Even before the news about our loss went out, people here were taking stock of what we had on the ship and making plans for ways to carry on with our research. By evening, we launched the ship’s CTD rosette, a workhorse ocean science instrument that measures conductivity (which provides salinity), temperature, and depth, to gather water samples down to 5,000 meters and record chlorophyll levels in the upper water column. These will give us an idea of how much primary production (photosynthesis) is occurring in the surface and possibly a way to trace the path of food from the surface to the deep seafloor.
Today [Sunday], we set about our return to science in earnest. This morning, small teams disassembled and inspected the glass flotation spheres that bring instruments back to the surface. (We do this after every deployment, but today it felt extra-critical.) Another group assembled a new fish trap from spare parts. This will allow us to make more deployments up the side of the trench to explore the biogeographic transition zone over which fish suddenly disappear from the seafloor. We are now working our way up the western side of the Kermadec Trench, so fish we collect here will be compared to those we collected down the axis of the trench to address the question of whether both communities are genetically linked. We know the fish don’t move much deeper, but how much do they migrate along the depth to which they seem to be confined?

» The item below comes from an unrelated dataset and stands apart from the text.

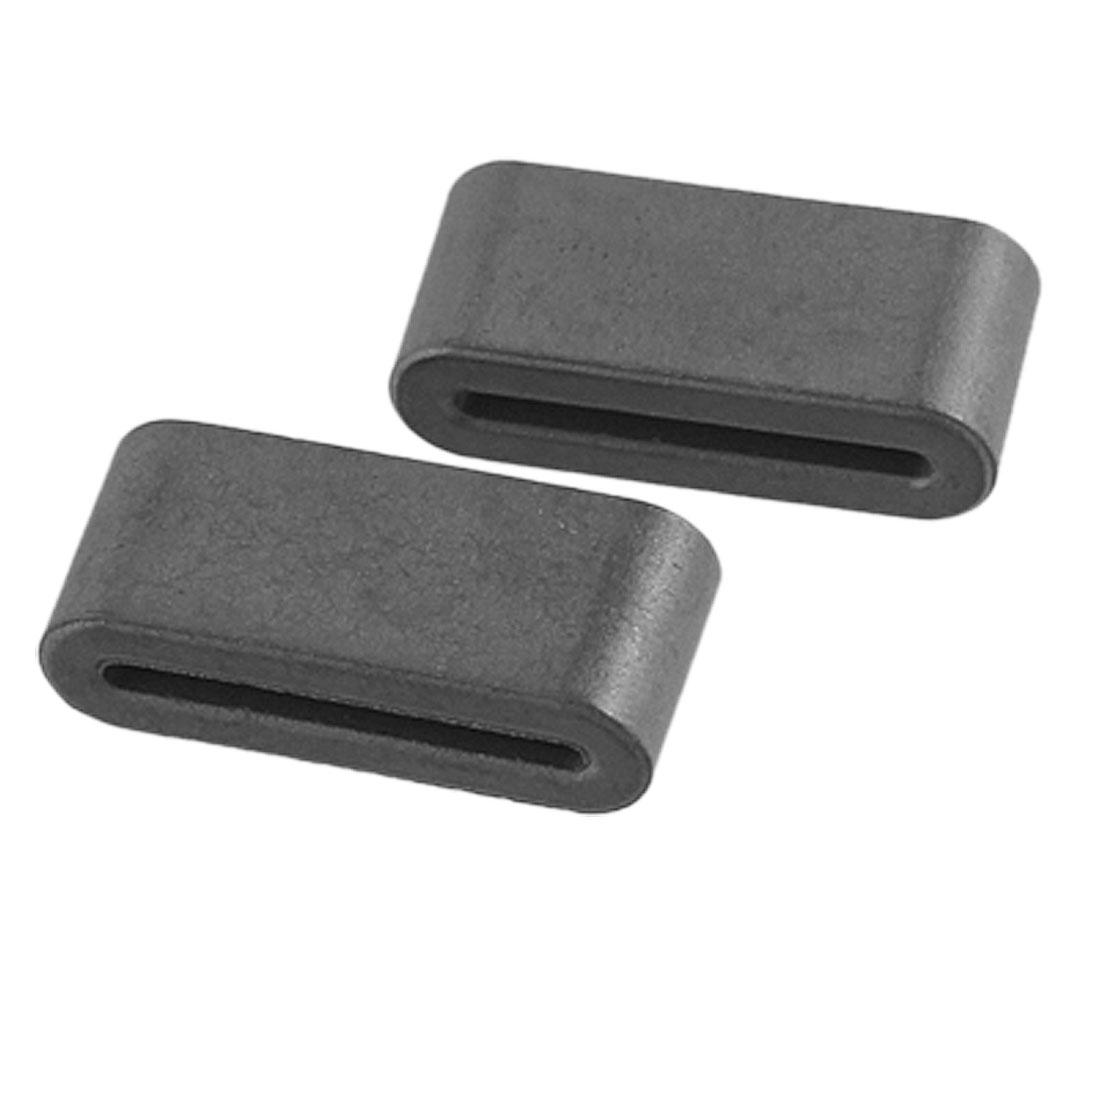 6 Pcs Transformer 14 x 1.5mm Insert Slot Ferrite Flat Cable Cores

The respirometer mounted on the hadal elevator ran experiments with specimens placed in it by Nereus. Because those experiments are no longer possible, the researchers took the respirometer and other equipment off the lander and added Niskin bottles to convert it into a “hadal water sampler.” A new core sampler was also installed on the hadal lander. These two instruments—the water bottles and coring device—plus the CTD will allow us to gather additional data for the microbiologists and macrobiologists, who want to study the microbes, plankton, and the food supply falling from the surface to hadal depths. You’ll learn more about that in a coming post, but, briefly, they are interested in some of the most basic questions about life in the trenches, including how much of what kinds of food makes it to hadal depths, the abundance and diversity of microbial life in deep-ocean sediments that arise as a result, and the adaptations they have evolved to thrive in the trenches.

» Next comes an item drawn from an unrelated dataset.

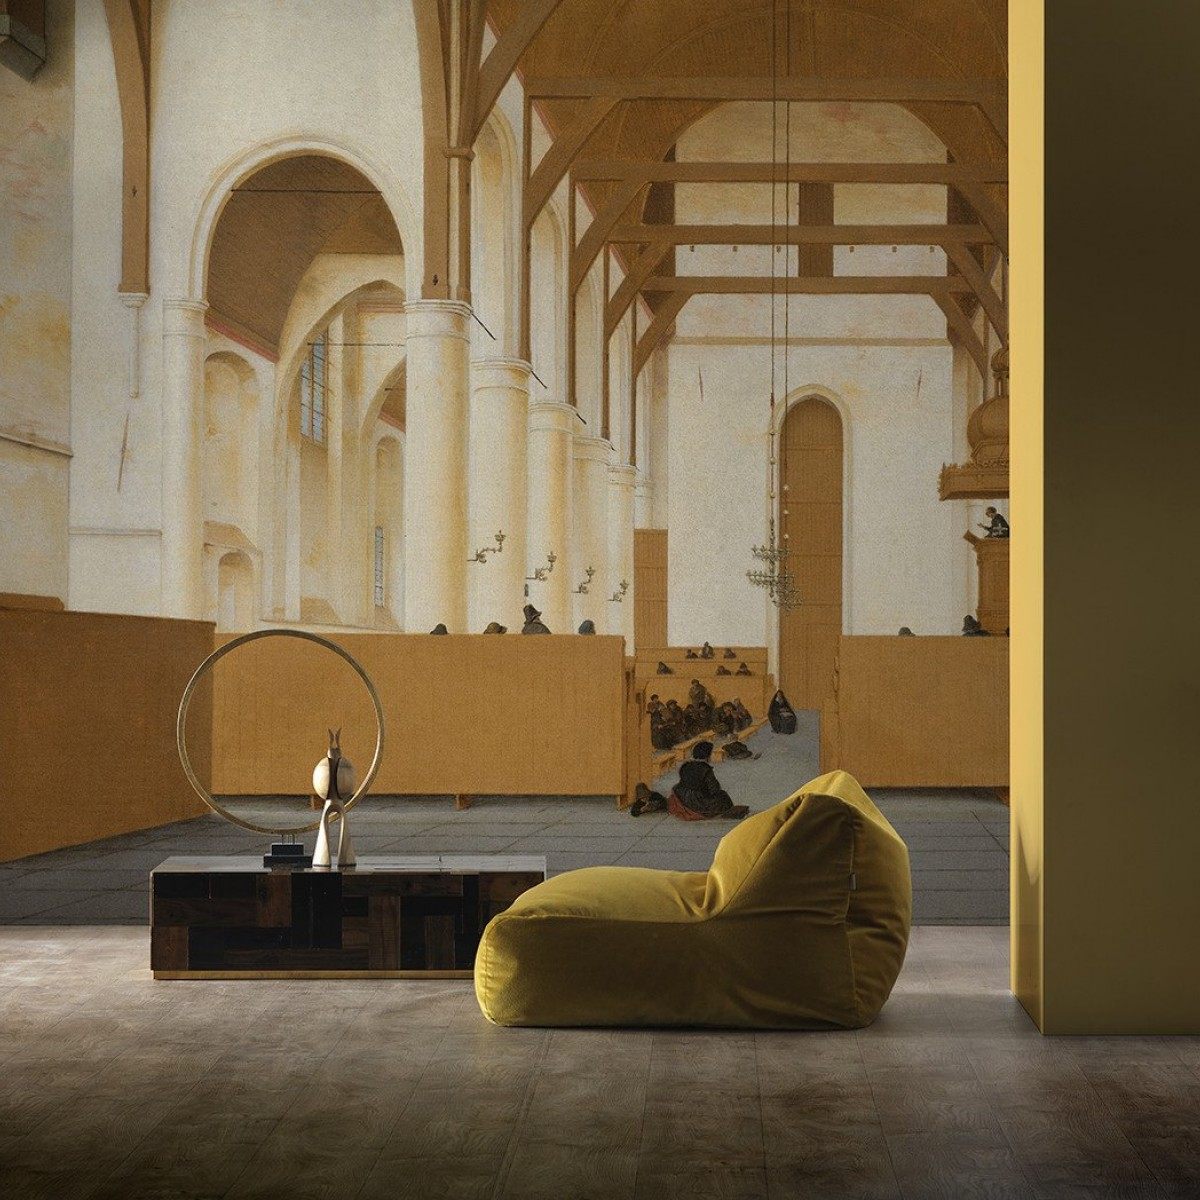 Tapet designer Rijksmuseum - Saint-Odulphus Church by Piet Hein Eek, RKS-02, NLXL, 7.3 - 13.1 mp / model

By dinner, we had both fish traps and the elevator in the water and headed to the seafloor at depths of around 7,000 meters. We also had a lucky break today and collected some pumice floating past the ship. Pumice is volcanic rock that resembles solid foam. It contains air bubbles that were trapped when the molten rock cooled rapidly after eruption. Many specimens of pumice actually float. The pieces we found today turned out to be tiny rafts of life carrying several different organisms, including crabs, barnacles, anemones, hydroids, and amphipods. As we discovered on our 8,000-meter dive, these rafts can eventually sink, providing yet another pathway for food to reach the deep ocean. Out here, underwater volcanoes are common as they are near most trenches. This means pumice formed during eruptions could constitute yet another way for food to circulate to the deep ocean. But how much, no one knows. This is new territory.

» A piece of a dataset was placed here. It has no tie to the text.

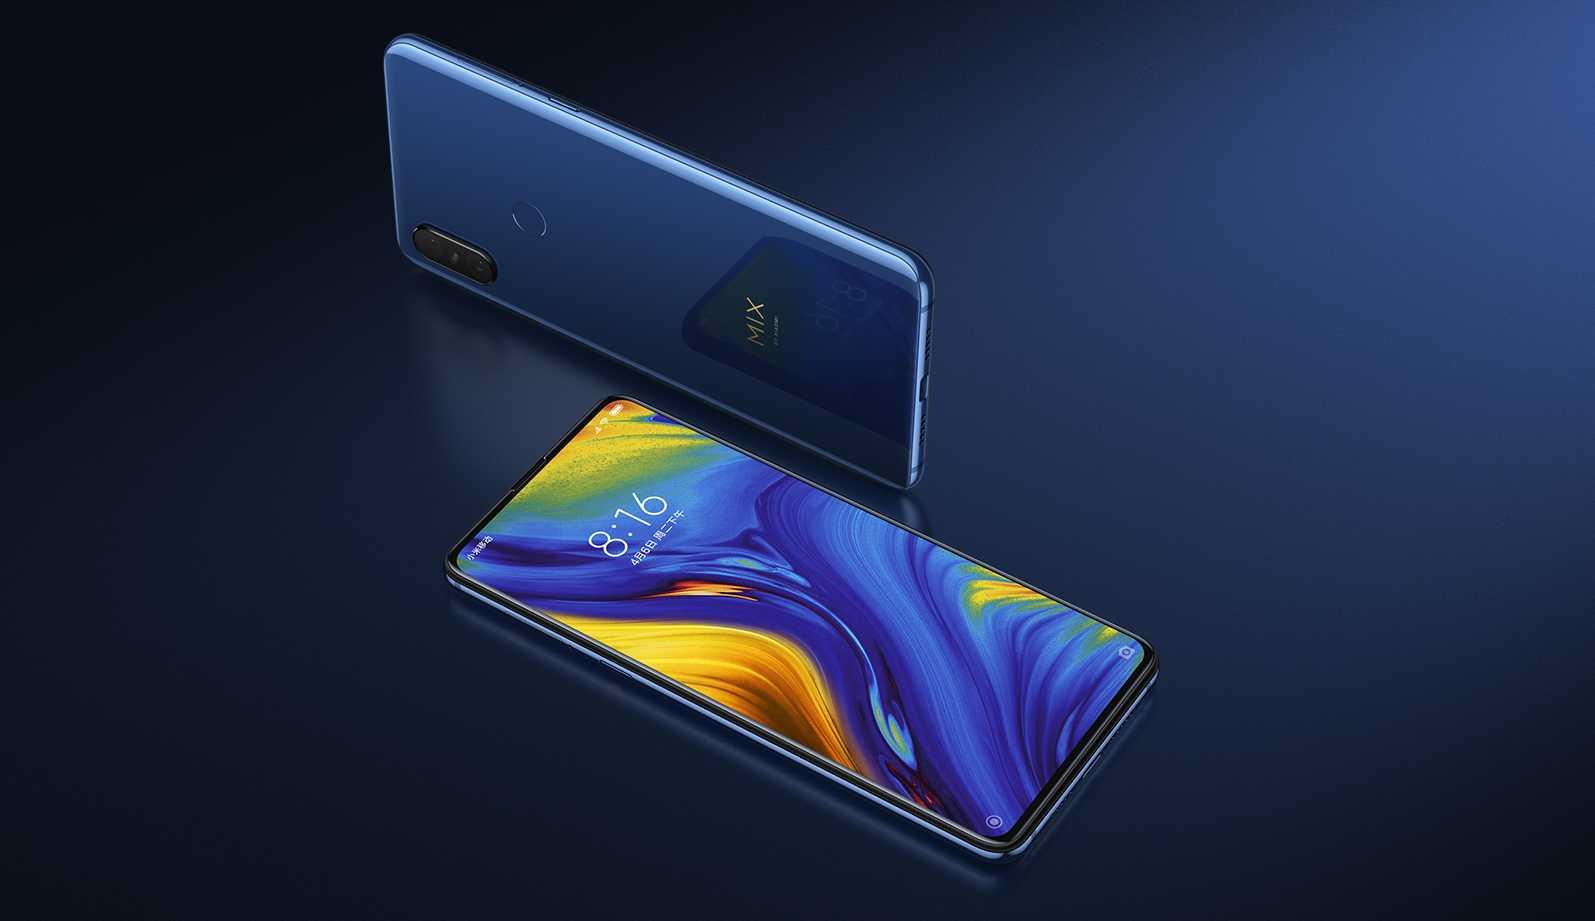 Xiaomi Mi Mix 3 smartphone

And that is why we’re out here—to identify new questions to ask and to push against that flimsy yet frustrating boundary between what we know and what we don’t know. Pilot Casey Machado summed up this sentiment and what Nereus has taught her over the years about what can and can’t be done in a remembrance she wrote over the weekend: “As we move forward I urge that the memory of Nereus be a constant reminder for us to strive to not settle in what we do and, armed with all the lessons we have learned, to continue to push what others may consider achievable.”